Kemangi takes a plain text file, and process each line of the text as your command.

Plain Text File

A text file that can be opened using basic text editor in your system (Windows: notepad, Linux: gedit, vi, etc). If it shows up cleanly, then it is a plain text file.

Typical plain text file has .txt extension.

To do text preprocessing, you need to supply input file, list of tasks, and output target.

Here is a screenshot of a running Kemangi process to give a better understanding:

_images/running-kemangi.png

Input File

Simply by clicking “Browse” button. Remember that the file must be a plain text. Kemangi can’t process more complex extensions like .doc or .odt.

List of Tasks

You can add several tasks, and Kemangi will run the task in the given order.

To add a task, click “Add task”. A window will appear and you can choose what kind of task to be added.

_images/select-task.png

In general, there are three columns:

  • Left column shows a list of available task, click one to choose.
  • Middle column shows summary of chosen task.
  • Right column shows additional inputs required. You need to supply these inputs if any is required.

To remove a task, click on that task in the list, then click “Remove task”.

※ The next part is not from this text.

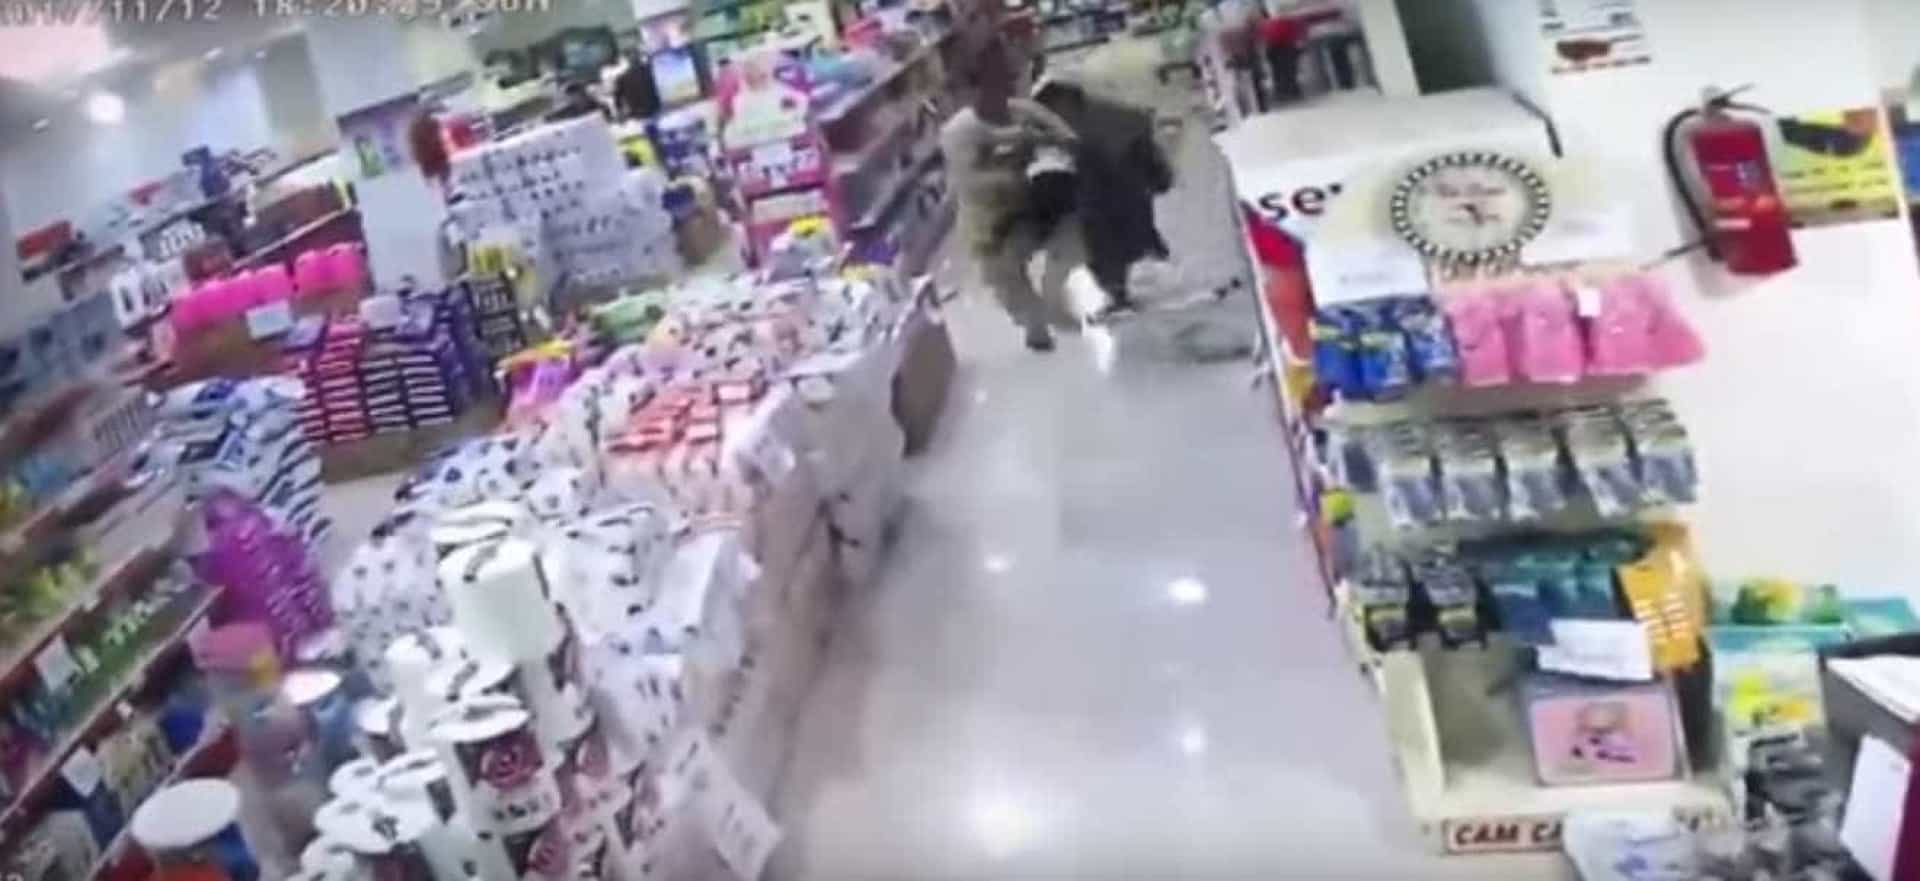 Eis o momento em que a terra tremeu captado dentro de um supermercado
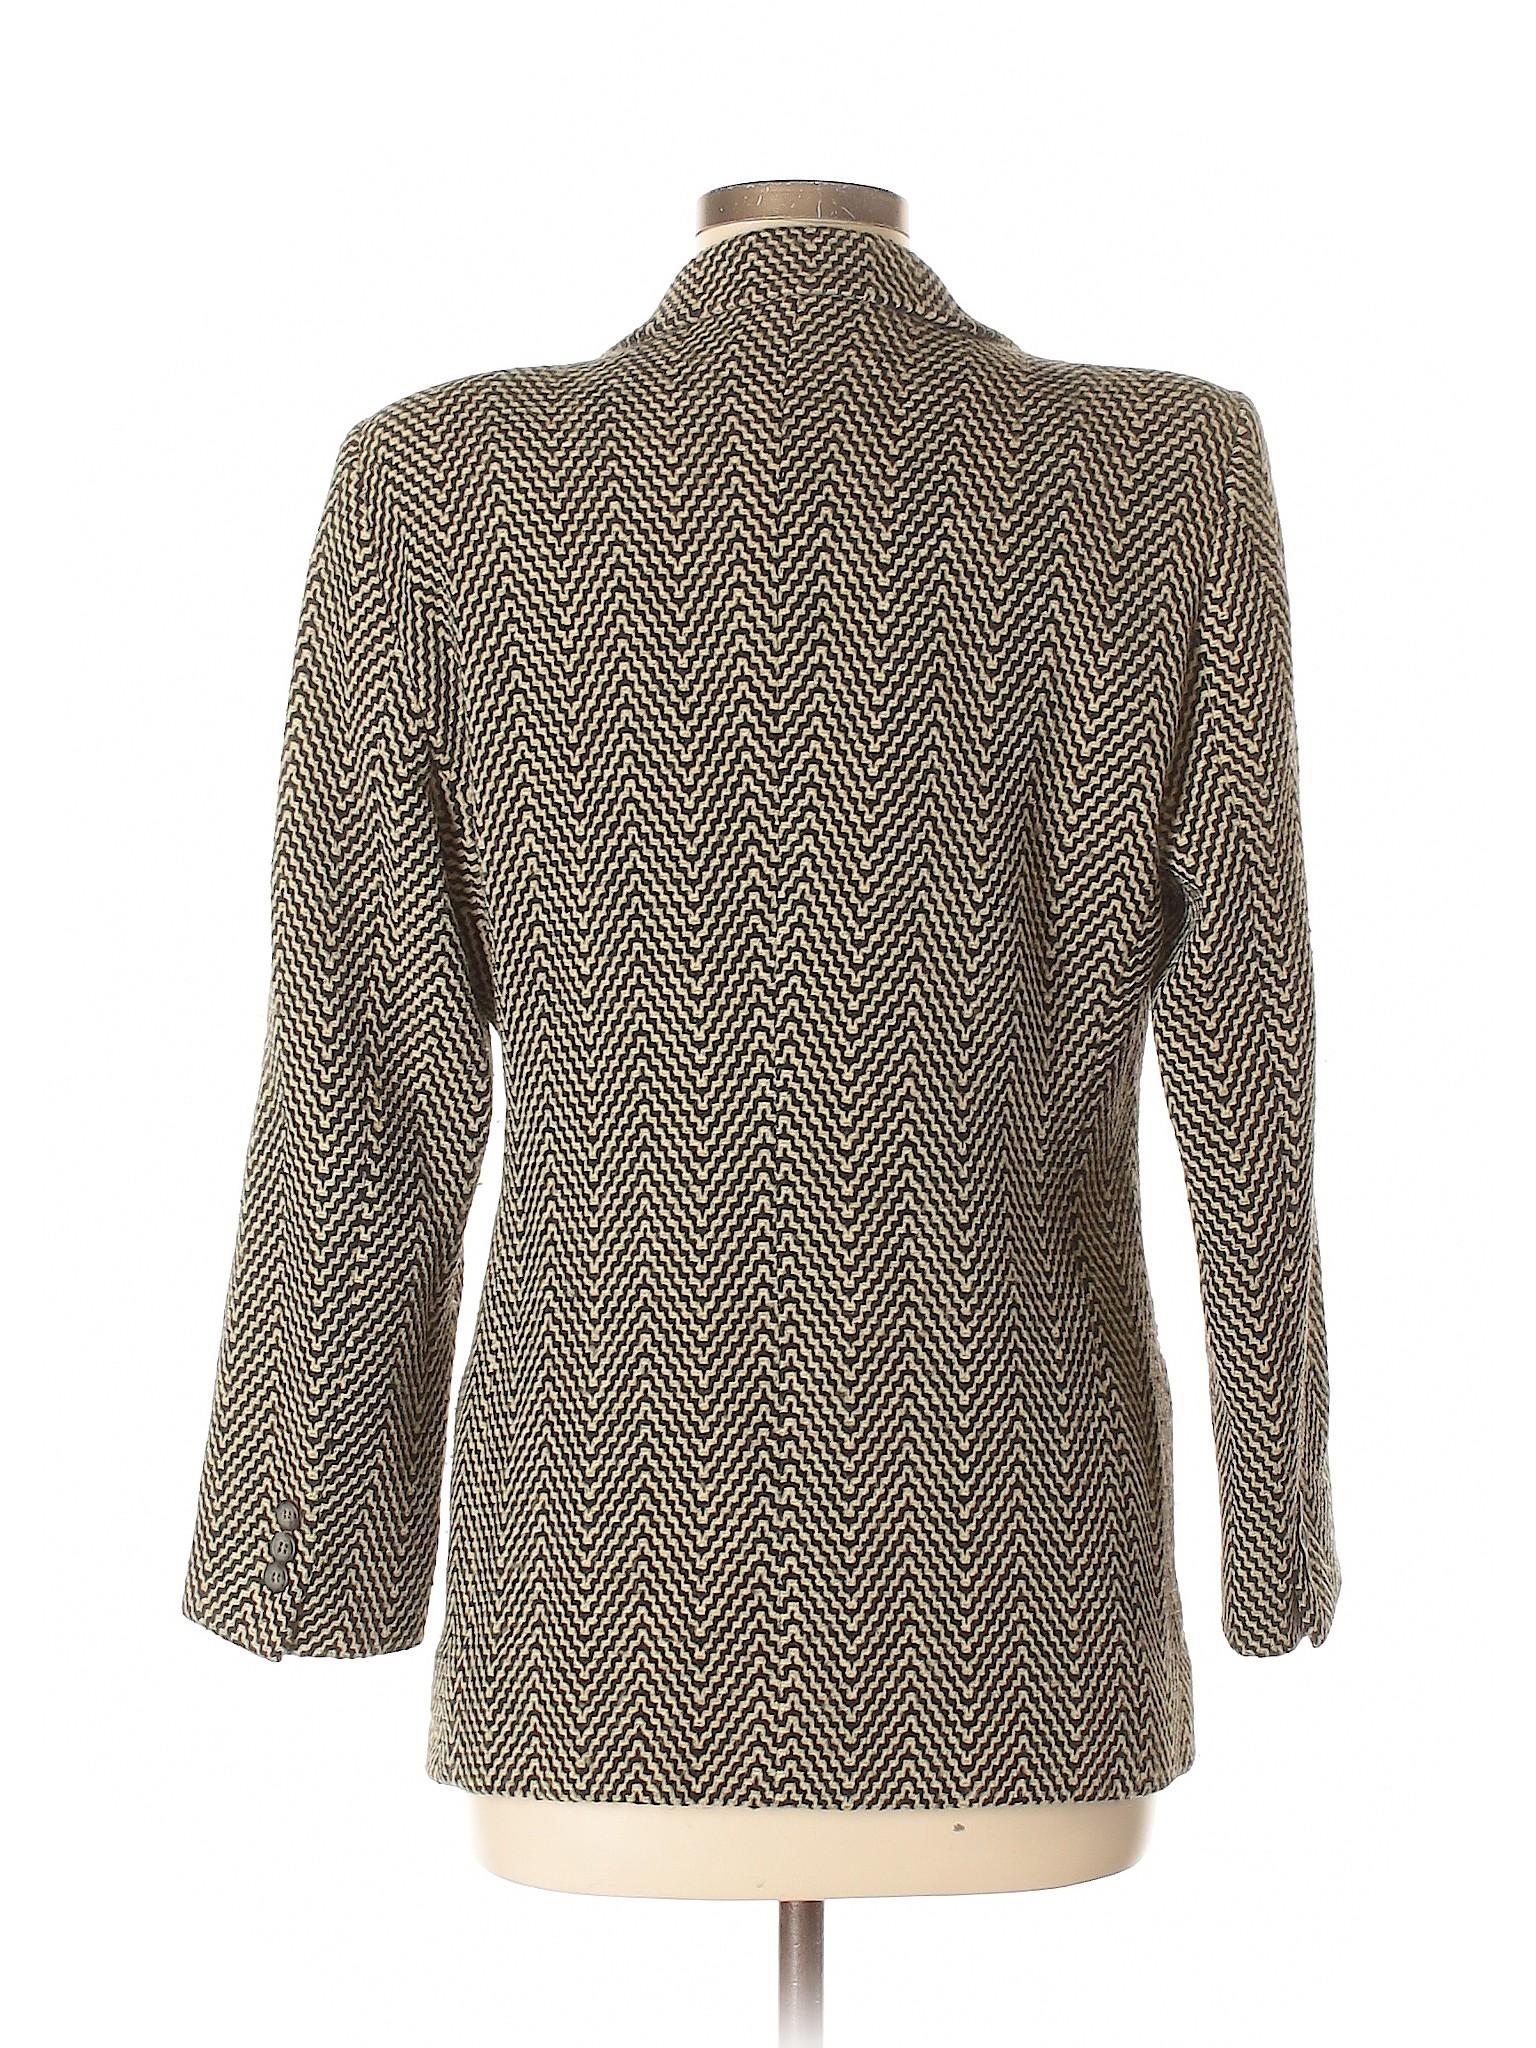 Blazer Emporio leisure Wool Armani Boutique XwxqpnTB0T

To move a task’s order, click on that task in the list, then click “Move up” or “Move down”.

Some tasks may need additional inputs. For example, own stop words removal demands text file containing list of stop words provided by you.

Some tasks may also includes another tasks. For example, stop words removal already includes case folding.

Output Target

Simply by clicking “Browse” button. Then proceed as if you are going to save a file as usual.

Start Processing

Click the “Start” button and text processing will start.

When unexpected error occurs (required internet, but your connection is lost), Kemangi will print the latest preprocessed text intermediateResult.bak in Kemangi’s directory. It is a plain text file, and you can open it with any basic text editor.

Kemangi also logs its activity in kemangi.log. Log is useful to analyze what is going on when error happens.